In early 2010, NCS completed a detailed analysis of the effort required to collect NCS
data. This analysis included a detailed study of the amount of time needed to initiate an
establishment into the survey as well as the amount of time needed to update the data for
each establishment on a periodic basis. Using this data, NCS was able to evaluate the
staffing levels needed for both a five-year rotation and a three-year rotation. This analysis
showed that the NCS did not have sufficient staff levels to implement a three-year
rotation under the current design. However, if the proposal to eliminate the locality wage
portion of the survey is approved in the fiscal year 2011 budget, the analysis showed that
a three-year rotation would be feasible from a staffing viewpoint and would help balance
the workload over the course of each year. Since a three-year rotation would permit NCS
to implement change faster and helps balance data collection workload, NCS decided to
focus our remaining sample design research on a three-year rotation. Where feasible, we
will compare the proposed three-year rotation design changes to the results that would be
obtained under the current sample design and five-year rotation.
7.2 Current Research
Using the previous research as a base and the design objectives as a goal, NCS identified
several areas for further research. By looking at the sample life-cycle, we identified and
have begun researching several potential changes related to national design stratification,
sample allocation, sample selection of establishments and alternatives for large
establishments, the method of assigning an employment measure of size to establishment
on the sample frame, and an analysis of the frame coverage.

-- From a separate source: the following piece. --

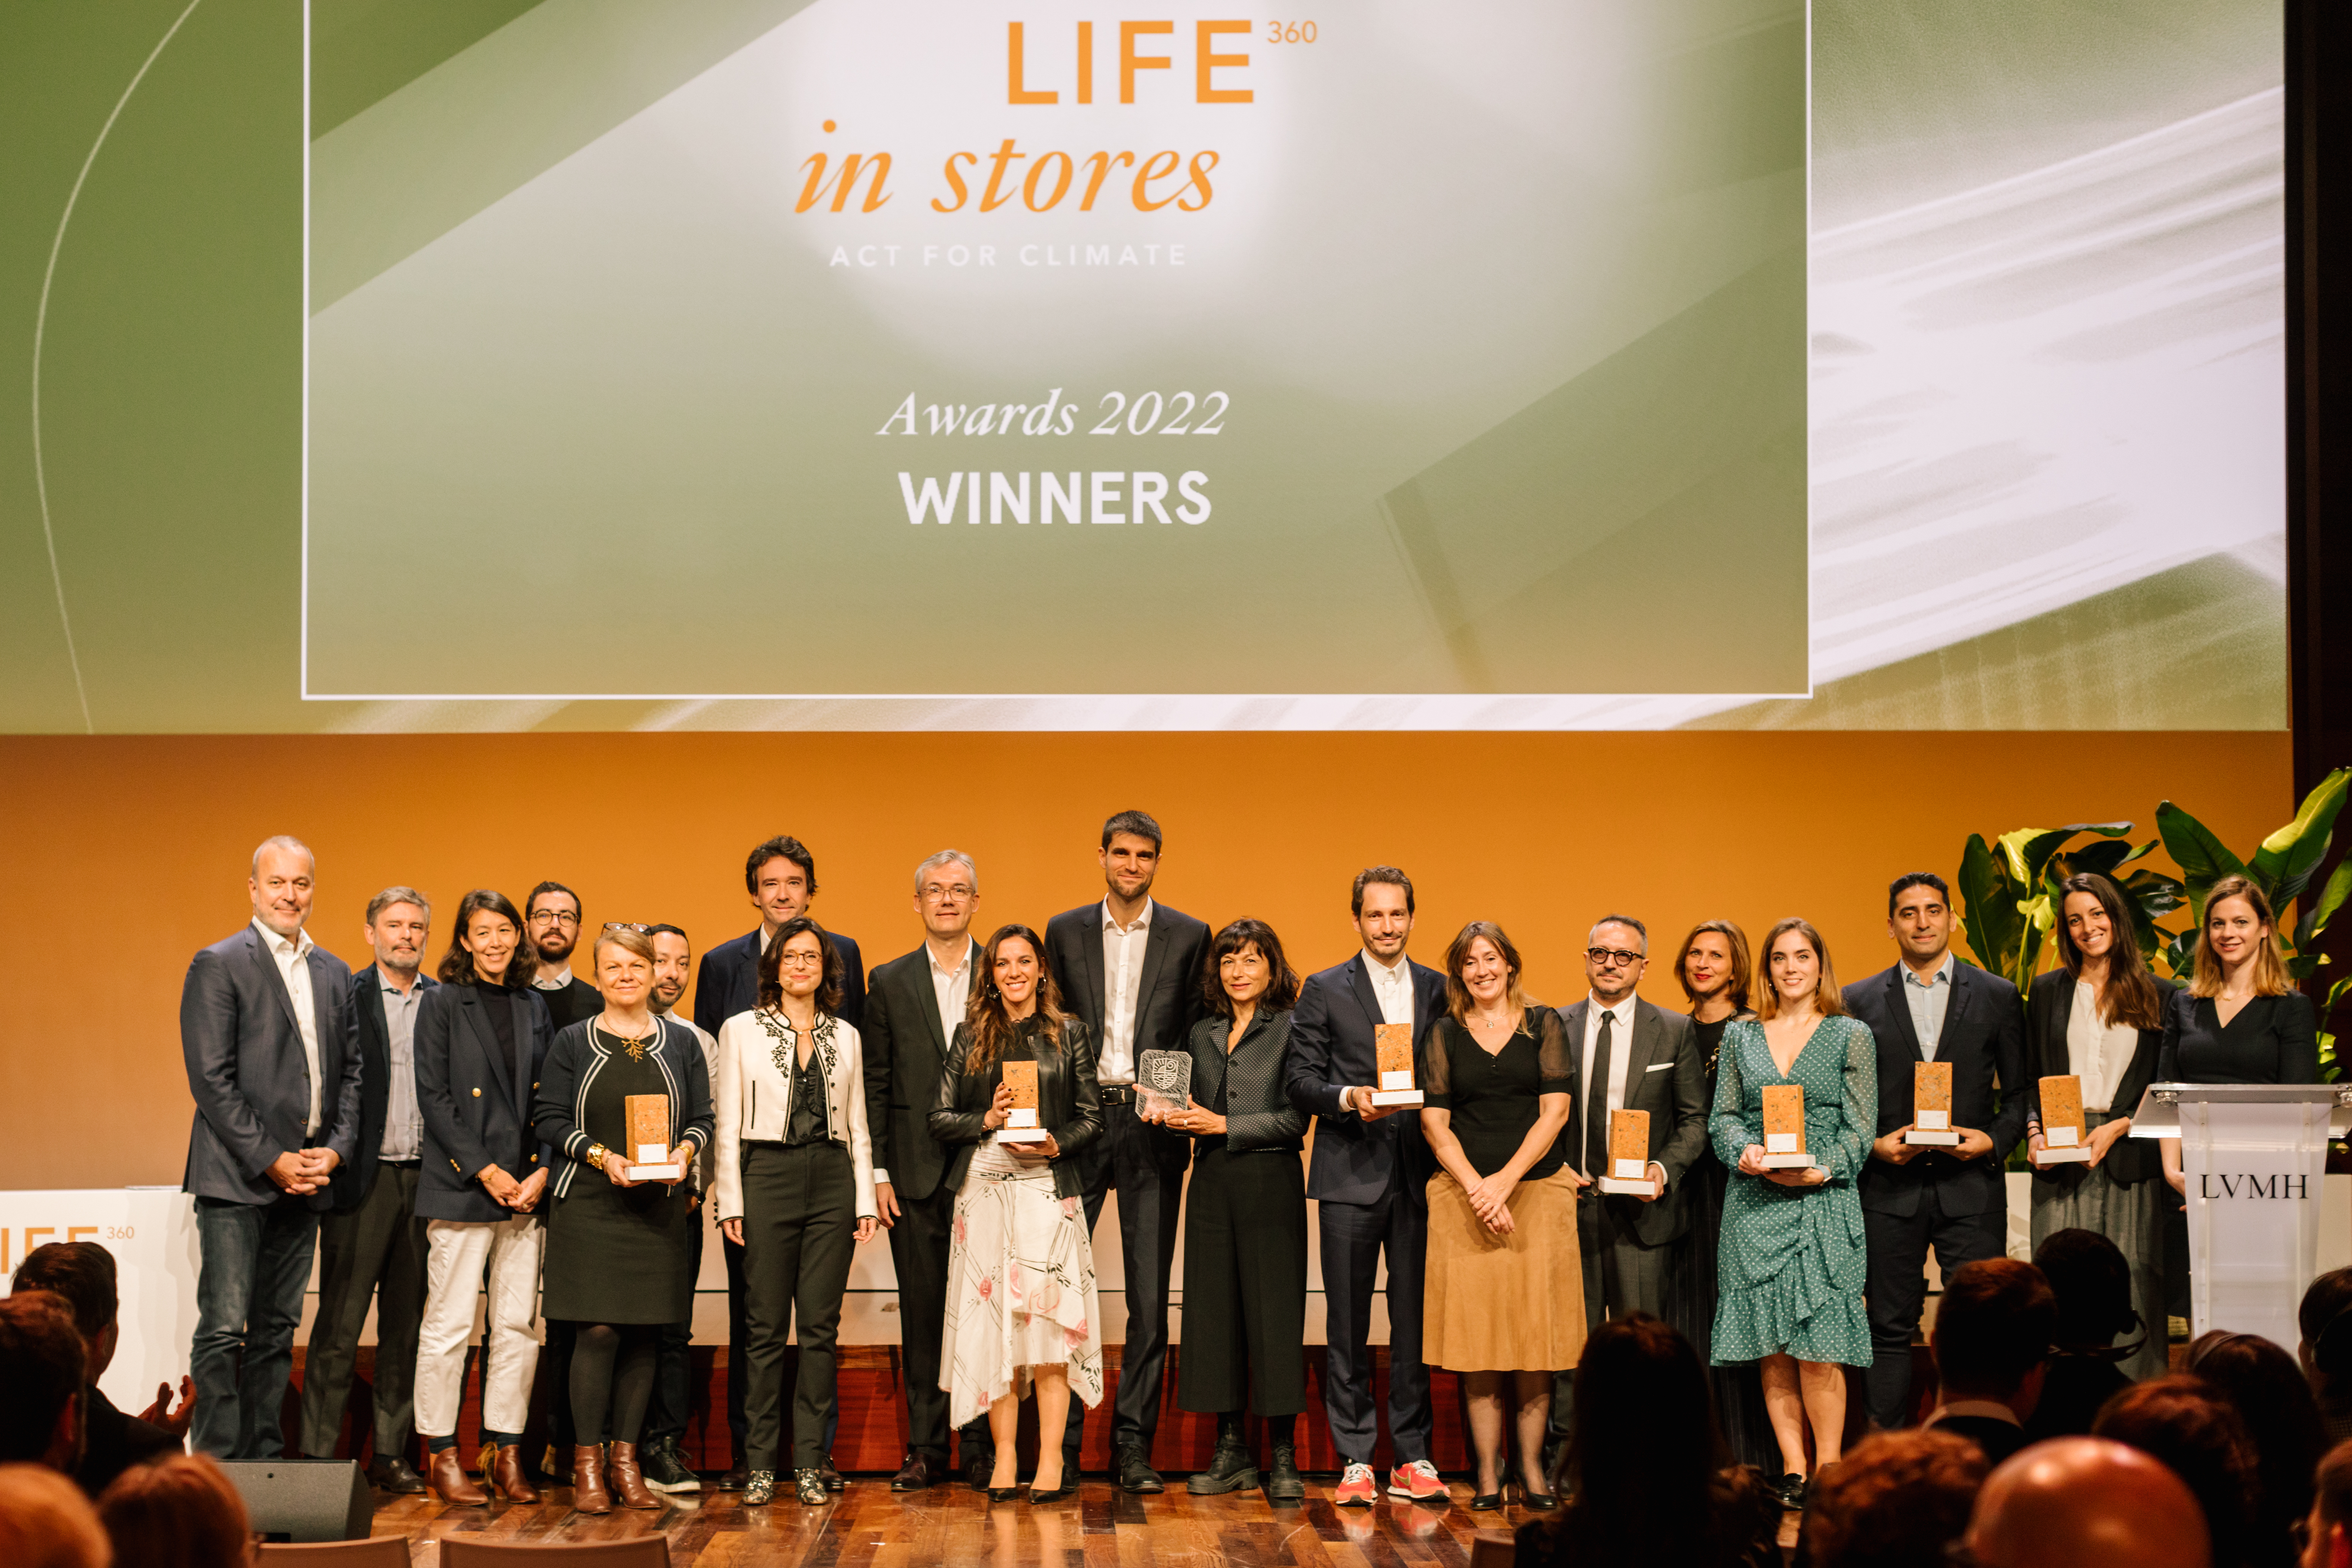 Awards 2022 winners Life360 in stores Acto for Climate

The current NCS establishment sample design stratifies the frame by geographic area and
industry as defined by NAICS. The geographic areas are defined to be the areas which
were selected during the area selection phase of the design. If the President’s proposed
fiscal year 2011 budget is implemented, NCS will move to a national design and cease
the selection of geographic areas. In evaluating the stratification needs under a national
design, NCS considered the critical estimates desired for the ECI, ECEC, and benefits
product lines. The NCS currently produces ECI and ECEC estimates for each of the
fifteen largest metropolitan statistical areas and plans to continue these series. In addition,
NCS publishes several data products by Census Division and wishes to continue
publication of these series. Based on these needs, we identified 24 geographic strata
covering the 50 states and the District of Columbia – one for each of the fifteen largest
metropolitan areas and one for the remaining states and counties in each of the nine
Census Divisions. In addition, NCS publishes many outputs based on industry. Currently
the NCS publishes data based on 24 detailed industry groupings for private
establishments. Twenty-three of these detailed industry groupings are included in each of
the private industry establishment samples while the last detailed private industry
Section on Survey Research Methods – JSM 2010
grouping, aircraft manufacturing, is included in a separate sample panel1. For
stratification purposes, we will continue to use these detailed industry groupings in the
sample design. However, all current research efforts will focus on the 23 detailed
industries typically included in each private industry establishment sample.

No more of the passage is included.